Vizzini: But it's so simple. All I have to do is divine it from what I know of you. Are you the sort of man who would put the poison into his own goblet or his enemies? Now, a clever man would put the poison into his own goblet because he would know that only a great fool would reach for what he was given. I am not a great fool so I can clearly not choose the wine in front of you...But you must have known I was not a great fool; you would have counted on it, so I can clearly not choose the wine in front of me.
Man in black: You've made your decision then?
Vizzini: [happily] Not remotely! Because Iocaine comes from Australia. As everyone knows, Australia is entirely peopled with criminals. And criminals are used to having people not trust them, as you are not trusted by me. So, I can clearly not choose the wine in front of you.
Man in black: Truly, you have a dizzying intellect.
Vizzini: Wait 'till I get going!! ...where was I?
Man in black: Australia.
Vizzini: Yes! Australia! And you must have suspected I would have known the powder's origin,so I can clearly not choose the wine in front of me.
Man in black: You're just stalling now.
Vizzini: You'd like to think that, wouldn't you! You've beaten my giant, which means you're exceptionally you could have put the poison in your own goblet trusting on your strength to save you, so I can clearly not choose the wine in front of you. But, you've also bested my
Spaniard, which means you must have studied...and in studying you must have learned that man is mortal so you would have put the poison as far from yourself as possible, so I can clearly not choose the wine in front of me!
Man in black: You're trying to trick me into giving away something. It won't work.

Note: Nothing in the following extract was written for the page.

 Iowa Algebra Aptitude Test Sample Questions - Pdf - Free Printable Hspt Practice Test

Vizzini: It has worked! You've given everything away! I know where the poison is!
Man in black: Then make your choice.
Vizzini: I will, and I choose...[pointing behind the man in black] What in the world can that be?

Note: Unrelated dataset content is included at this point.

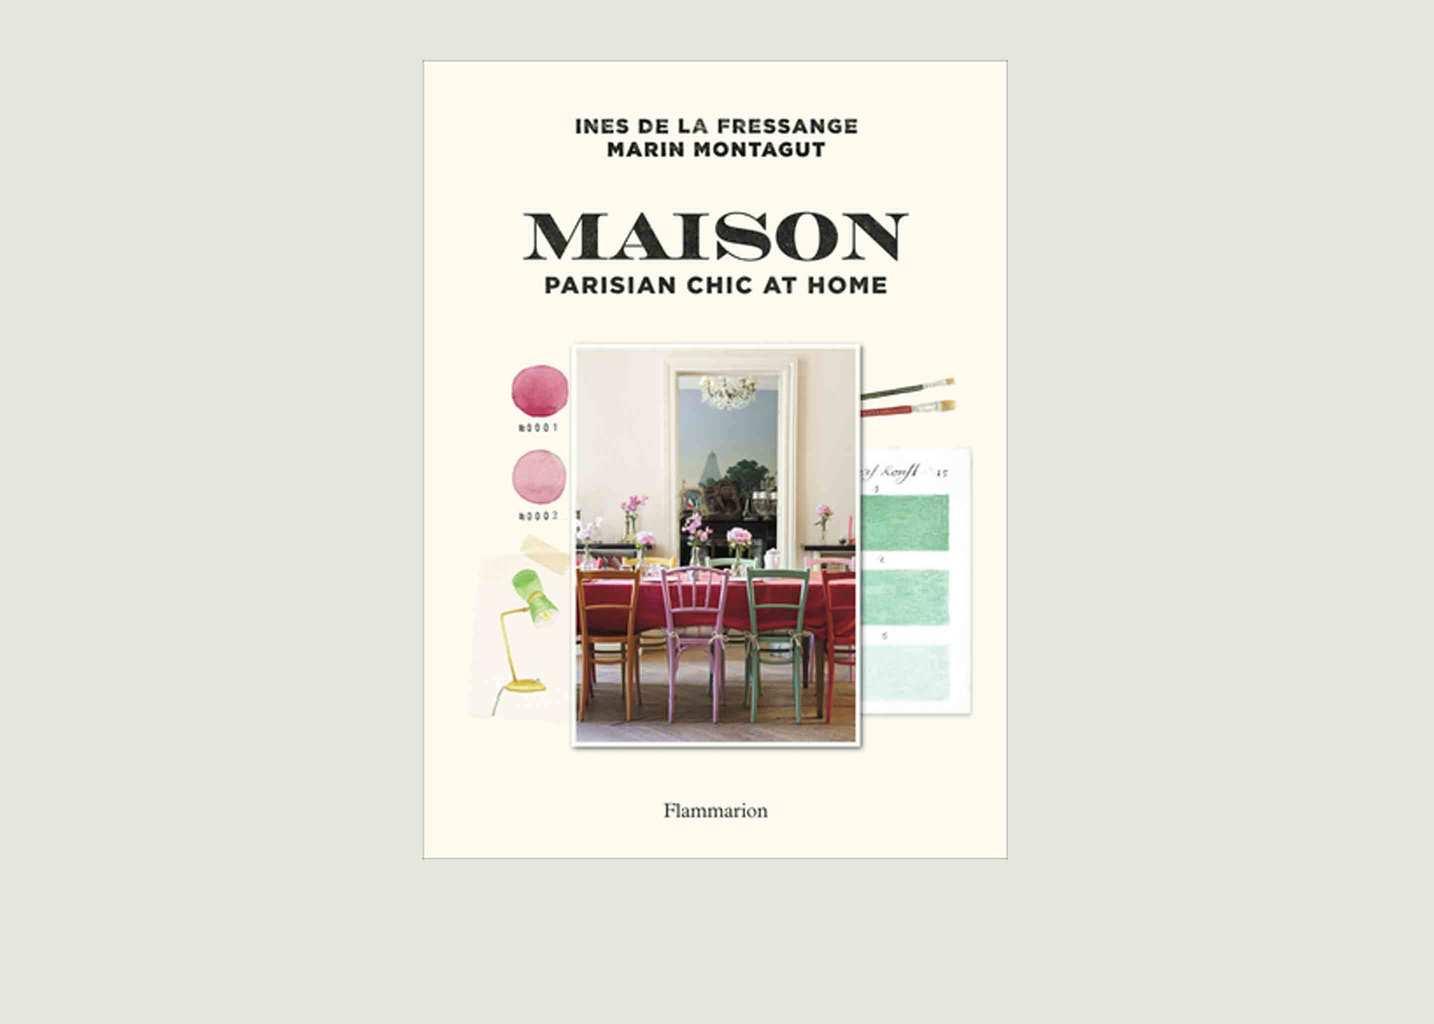 Maison : Parisian Chic at Home - Flammarion

Man in black: [turning around, while Vizzini switches goblets] What?! Where?! I don't see anything.
Vizzini: Oh, well, I...I could have sworn I saw something. No matter. [Vizzini laughs]
Man in black: What's so funny?
Vizzini: I...I'll tell you in a minute. First, lets drink, me from my glass and you from yours.
[They both drink]
Man in black: You guessed wrong.
Vizzini: You only think I guessed wrong! That's what's so funny! I switched glasses when your back was turned! Ha ha, you fool!! You fell victim to one of the classic blunders. The most famous is never get involved in a land war in Asia; and only slightly less well known is this: Never go in against a Sicilian, when death is on the line!
[Vizzini continues to laugh hysterically. Suddenly, he stops and falls right over. The Man in black removes the blindfold from the princess]
Buttercup: Who are you?
Man in black: I'm no one to be trifled with. That is all you'll ever need know.
Buttercup: And to think, all that time it was your cup that was poisoned.
Man in black: They were both poisoned. I spent the last few years building up immunity to iocaine powder.
[The scene switches back to Humperdinck and his men]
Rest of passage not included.